Бунин, который прямо и непосредственно наблюдал «русский бунт», словно предвидя появление в будущем сочинений, подобных бернштамовскому, записал в дневнике 5 мая 1919 года: «…мужики… на десятки верст разрушают железную дорогу (будто бы для того, чтобы «не пропустить» коммунизм. — В.К.). Плохо верю в их «идейность». Вероятно, впоследствии это будет рассматриваться как «борьба народа с большевиками»… дело заключается… в охоте к разбойничьей, вольной жизни, которой снова охвачены теперь сотни тысяч…» (указ. соч., с. 112).

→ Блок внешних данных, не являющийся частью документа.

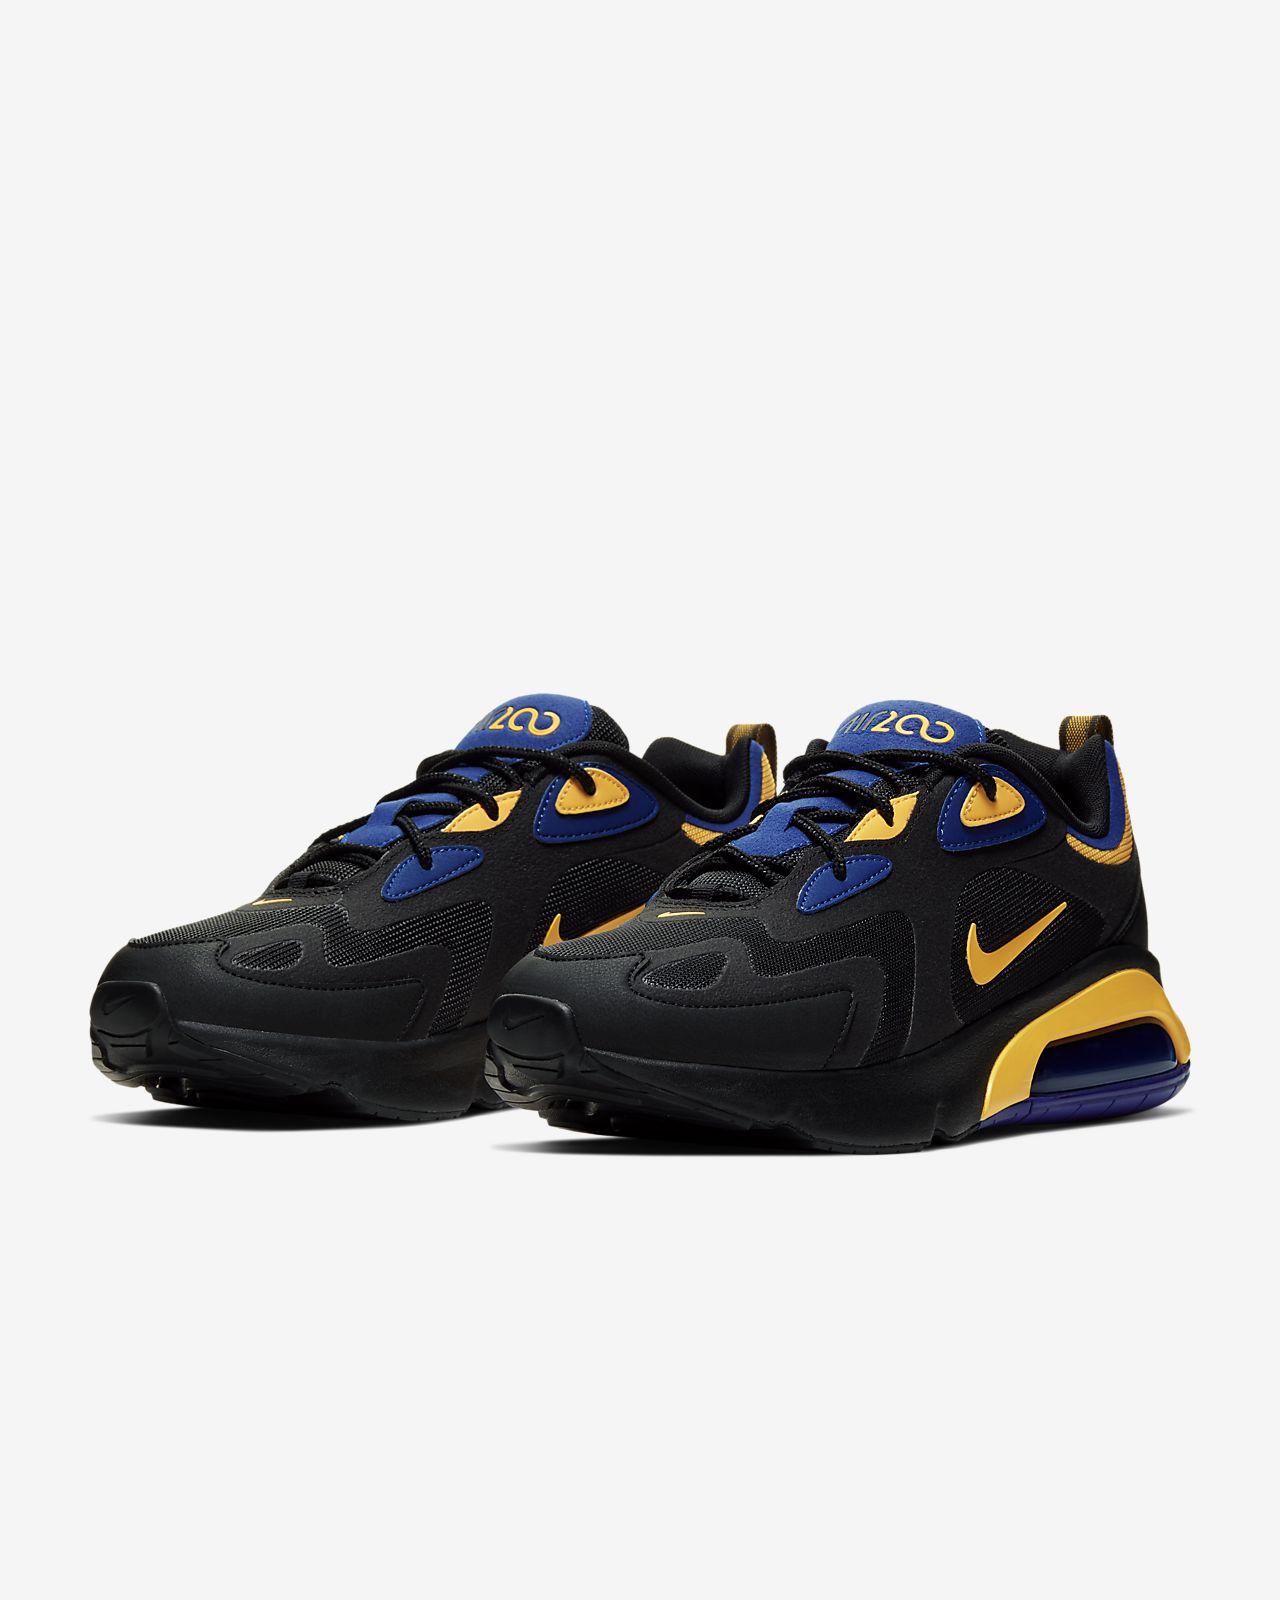 Nike Air Max 90 Denim Gold resolution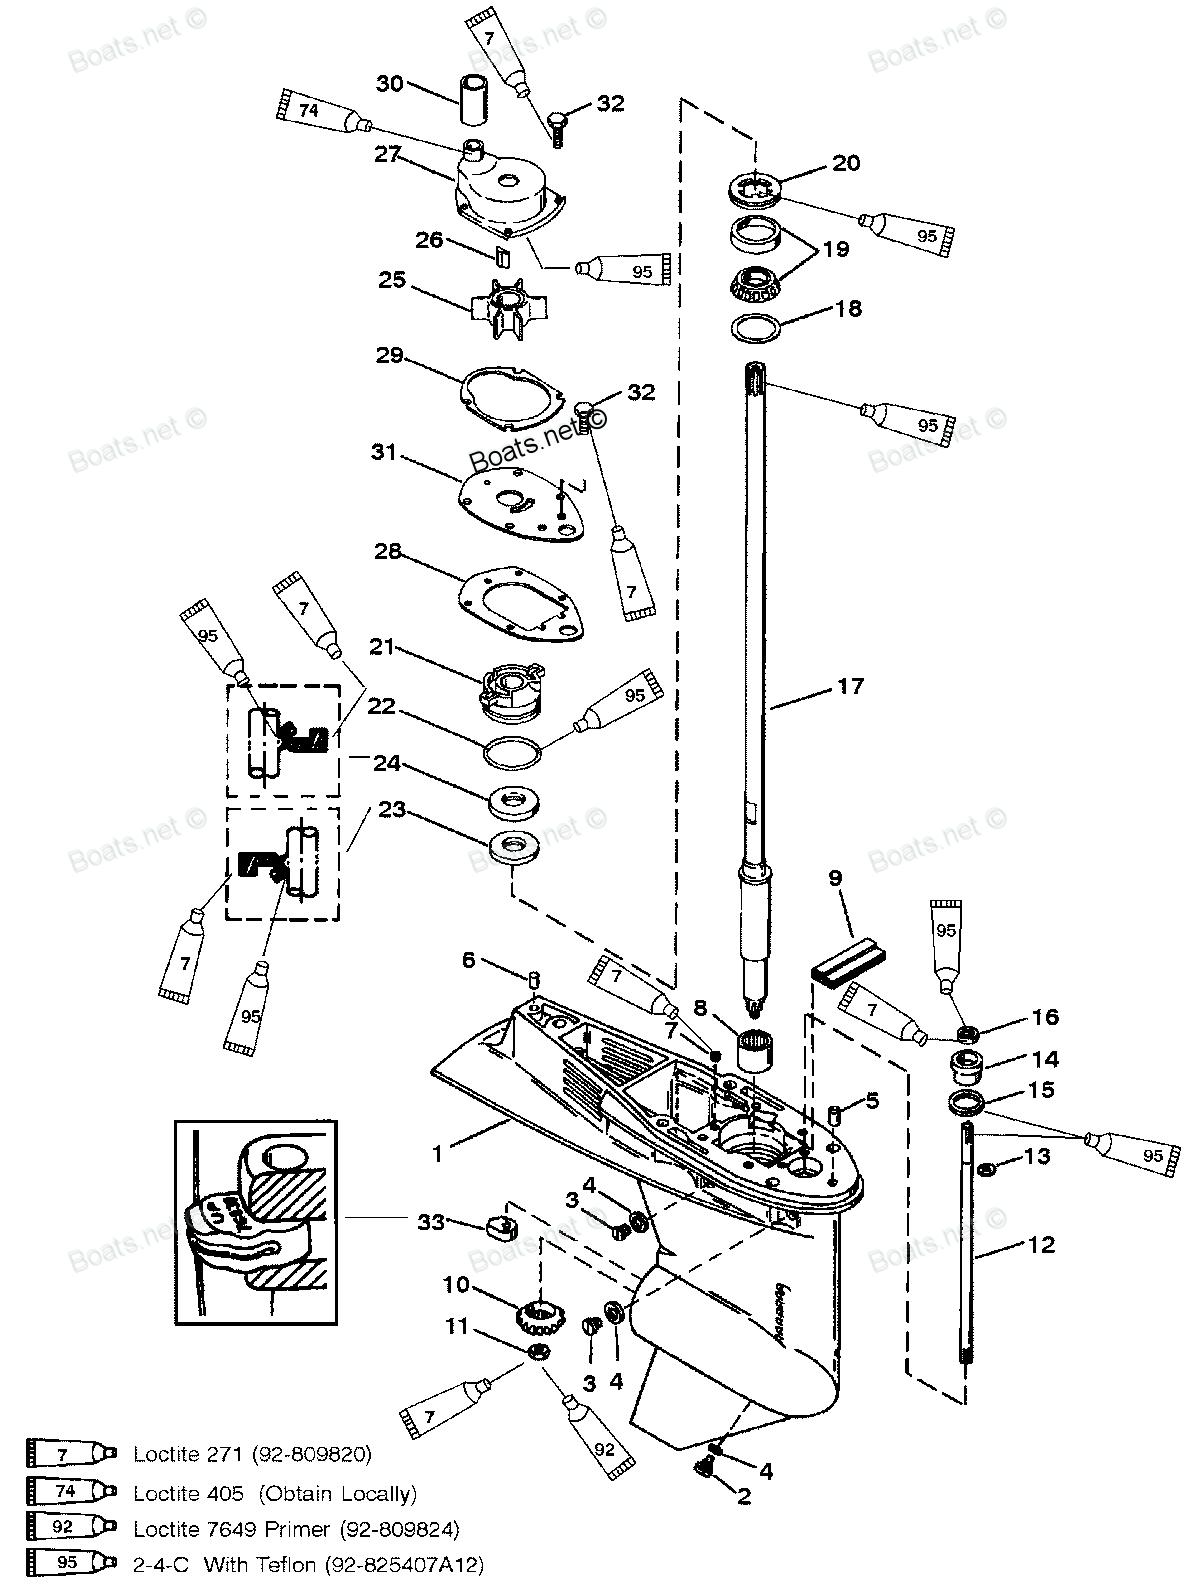 замена сальников редуктора лодочный мотор 9.9 ямаха

Нельзя не заметить, что М. С. Бернштам — по сути дела, подобно ортодоксальным советским историкам — предлагает «классовое» или, во всяком случае, политическое толкование «русского бунта» (как антикоммунистического), хотя и «оценивает» антикоммунизм совсем по-иному, чем советская историография. В высшей степени характерно, что он опирается в своей работе почти исключительно на большевистские тезисы и исследования. «В. И. Ленин… — с удовлетворением констатирует, например, М. С. Бернштам, — указывал, что эта сила крестьянского и общенародного повстанчества, или, в его терминах, мелкобуржуазной стихии, оказалась для коммунистического режима опаснее всех белых армий вместе взятых»{21}. Действительно, В. И. Ленин — кстати сказать, в полном согласии с приведенными выше суждениями Л. Д. Троцкого — не раз утверждал, что «мелкобуржуазная анархическая стихия» представляет собой «опасность, во много раз (даже так! — В.К.) превышающую всех Деникиных, Колчаков и Юденичей, сложенных вместе» (т. 43, с. 18), что она — «самый опасный враг пролетарской диктатуры» (там же, с. 32).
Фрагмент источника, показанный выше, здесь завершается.